In your view you can create the table from the one initialized in the controller, the first parameter of table_for is the name set in table_me. By default the class name is used if a name isn't set.

Columns

table_for :user

Now, this will list all columns from the database in your table, which you may not always want to do. You can pass a block of columns to be more specific:

table_for :user do |t|
  t.column :id
  t.column :email
  t.column :created_at
end

This will give you a user table with the columns id, email, and created_at.
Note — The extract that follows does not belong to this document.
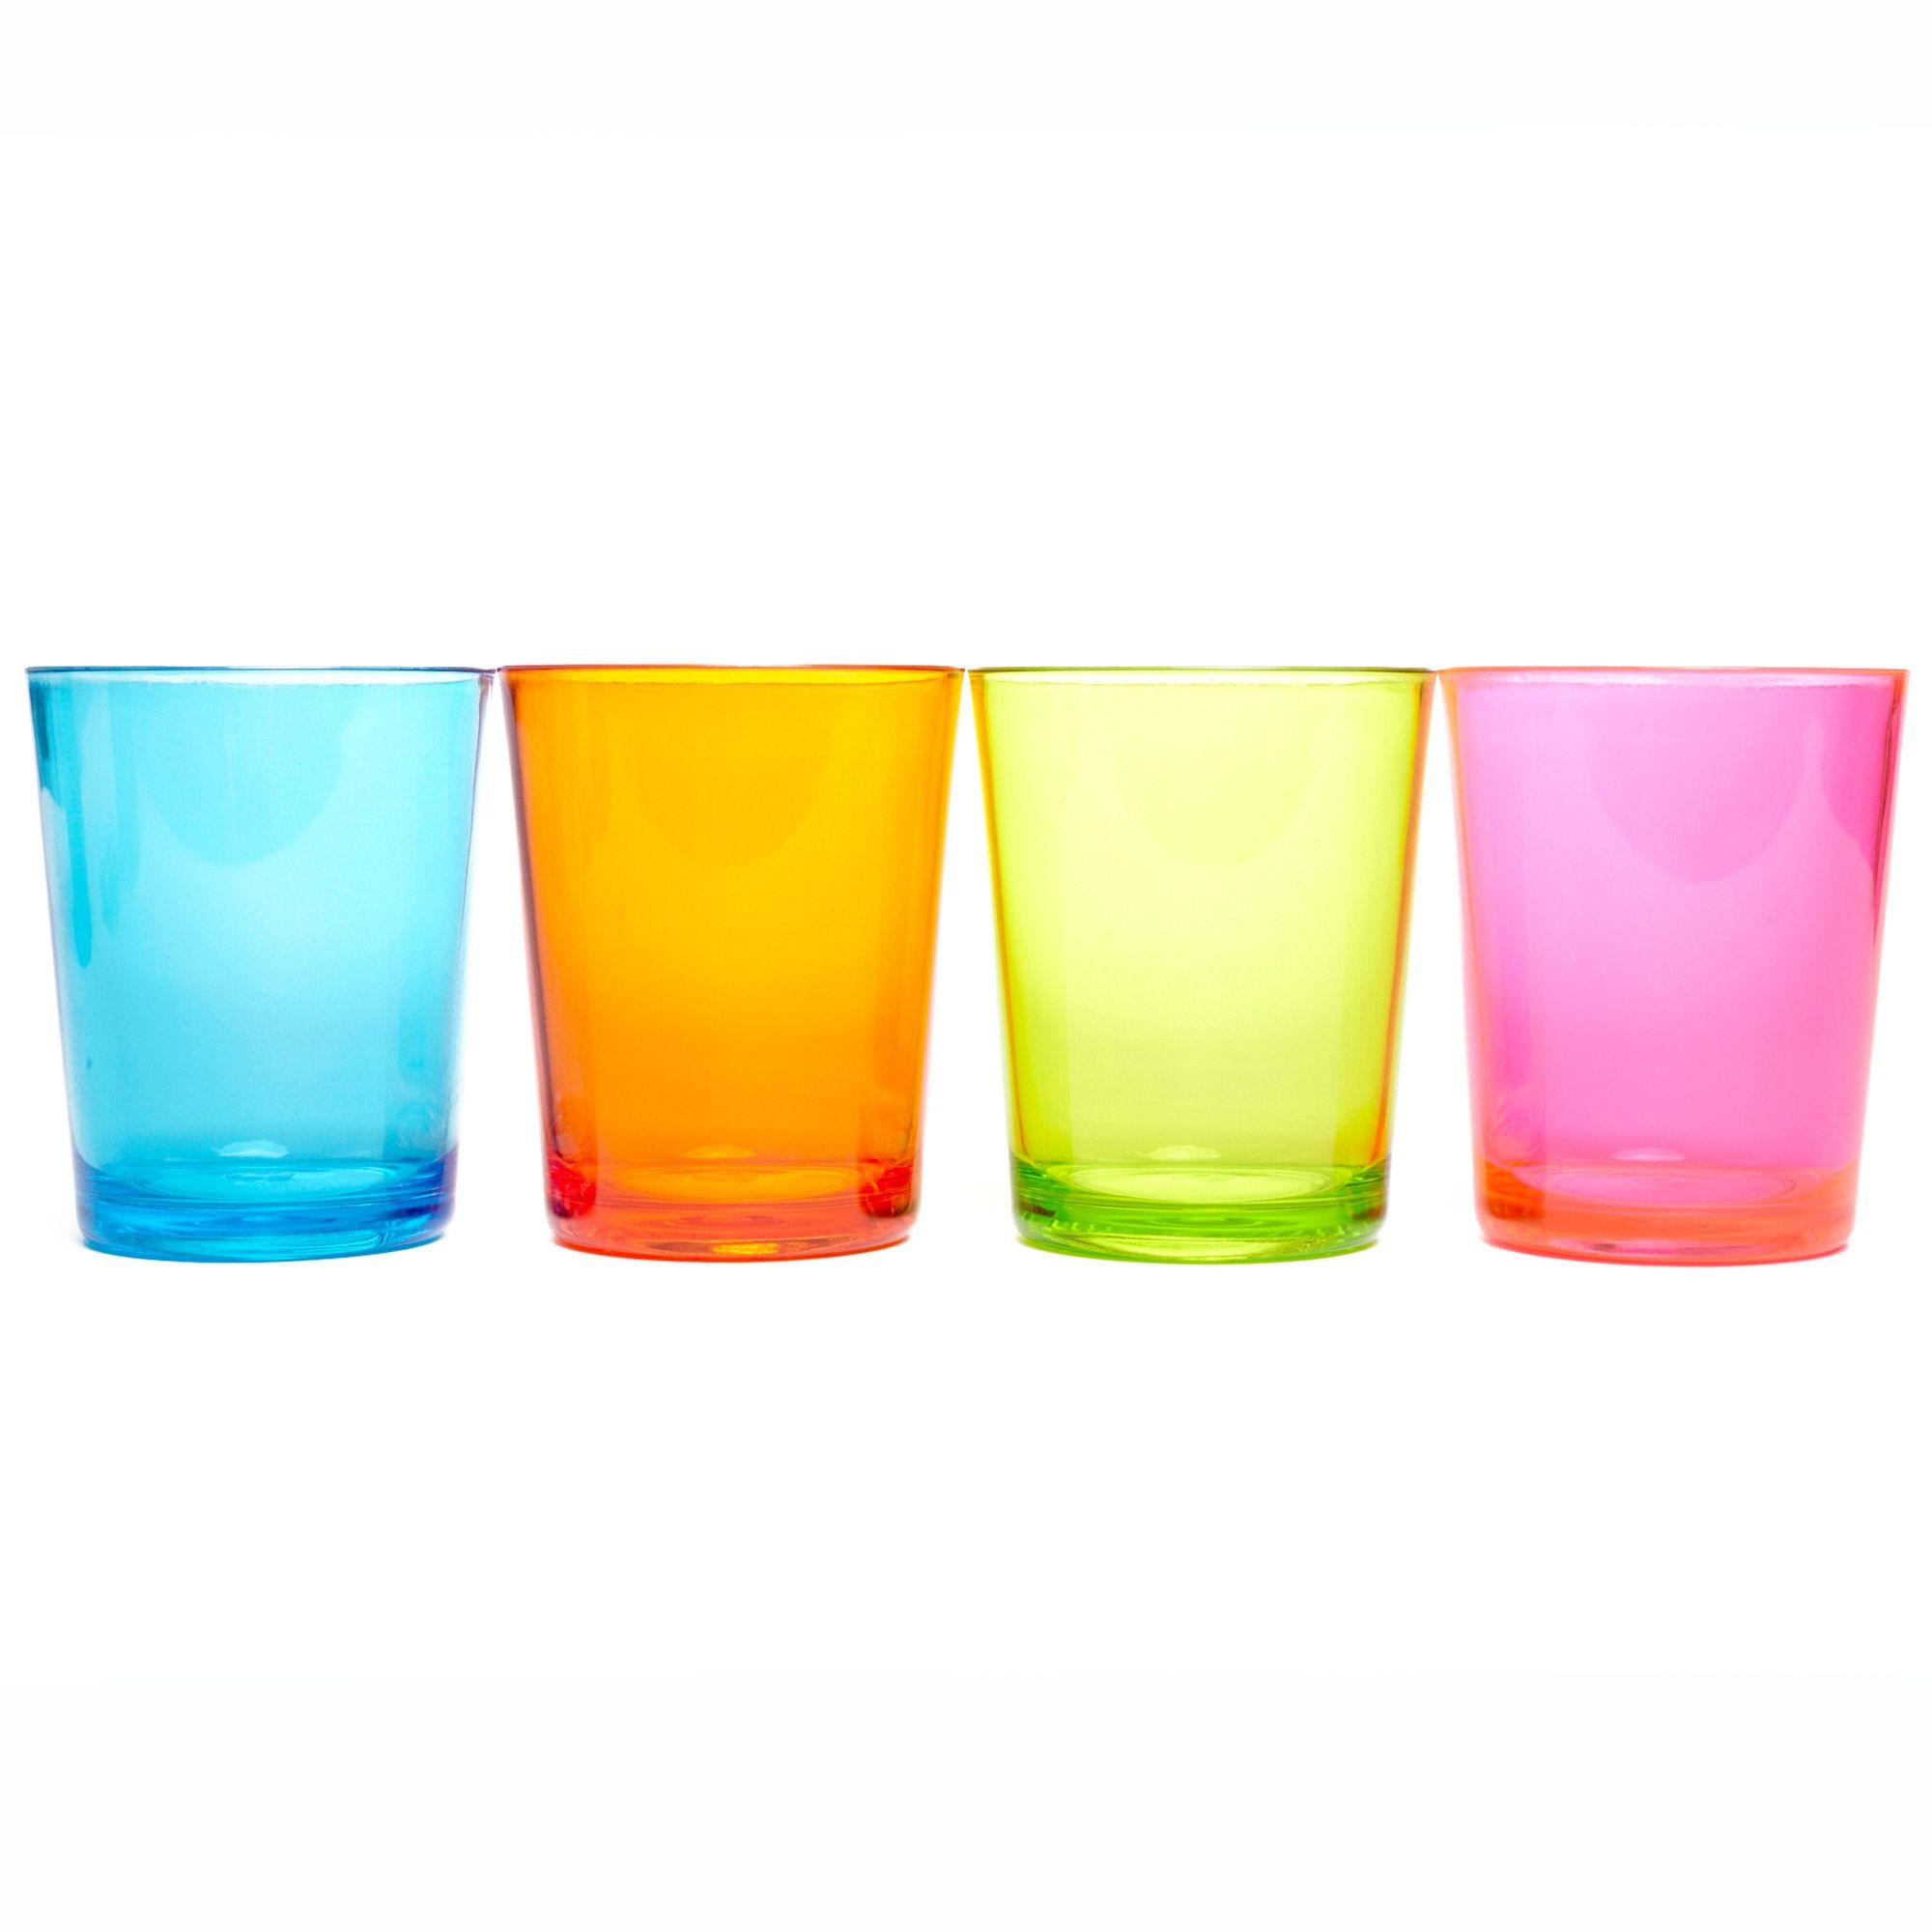 EUROHIKE Plain Tumbler Glasses - 4 Pack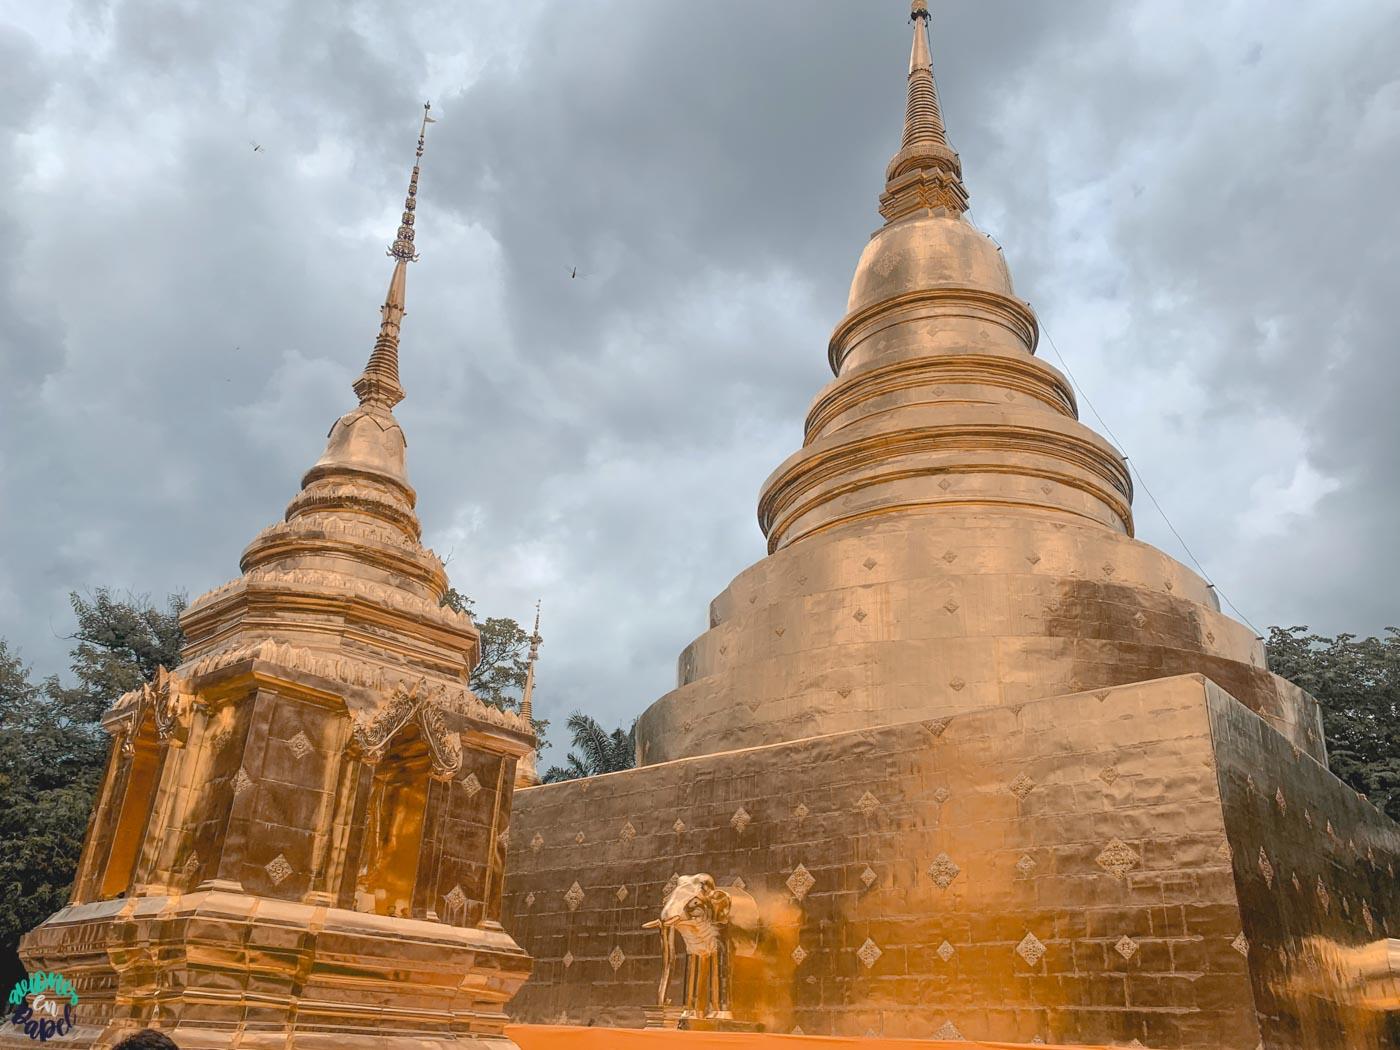 Qué ver y hacer en Chiang Mai en 3 días: Chedi del Wat Phra Singh

What if you want to customize the output of the column? Each column can also take a block of content:

table_for :user do |t|
  t.column :id
  t.column :email do |c|
    "<h1>c.email</h1>"
  end
  t.column :created_at
end

Now, when a block is used to alter the content of a column, the sorting is lost, since the table can no longer assume what is in the column. You need to set a sort_on param to tell the column what to sort by. For example:

table_for :user do |t|
  t.column :id
  t.column :email, sort_on: :email do |c|
    "<h1>c.email</h1>"
  end
  t.column :created_at
end

There is also a color highlighting helper called highlight_cell. So lets say that you want to have a visual que for if a user is an admin:

highlight colors

table_for :user do |t|
  t.column :id
  t.column :admin do |c|
    highlight_cell c.admin, green: true
  end
  t.column :created_at
end

This will put a green box around true in the column. But what if you want to change that true to the word 'Admin' and lets put a red box around all the non admins and make them say 'peons':

table_for :user do |t|
  t.column :id
  t.column :admin do |c|
    highlight_cell c.admin, green: [true, 'Admin'], red: [false, 'peon']
  end
  t.column :created_at
end

Filters

You can add basic filter fields to the table by using the filter method. Right now, only one filter can be applied and the filters are search fields. I would like to eventually add different types for different types of data. I would like to eventually add in the ability for multiple filter types with a single search button, but the basic form is all I need at the moment. Ajax enabled filtering would be freaking great as well.

Filter usage:

table_for :user do |t|
  t.filter :email
  t.filter :name
  t.column :id
  t.column :email 
  t.column :name
end

table filter

There is also a light theme, which can be switched by adding a class of 'light' to the table_for:

table_for :user, class: 'light'

This looks a little like this:

table me light table

Things to add

  • I would like some sort of scope sorting built in.
  • More advanced filtering other then just search fields. Multiple filters at one time.
  • Ajax filters instead of having to reload the page. The url will still need to be modified so state can be preserved if the url is copy and pasted.
  • The way queries are handled with the filter search is sloppy, it needs to be refactored.
  • Tests need to be refactored pretty badly.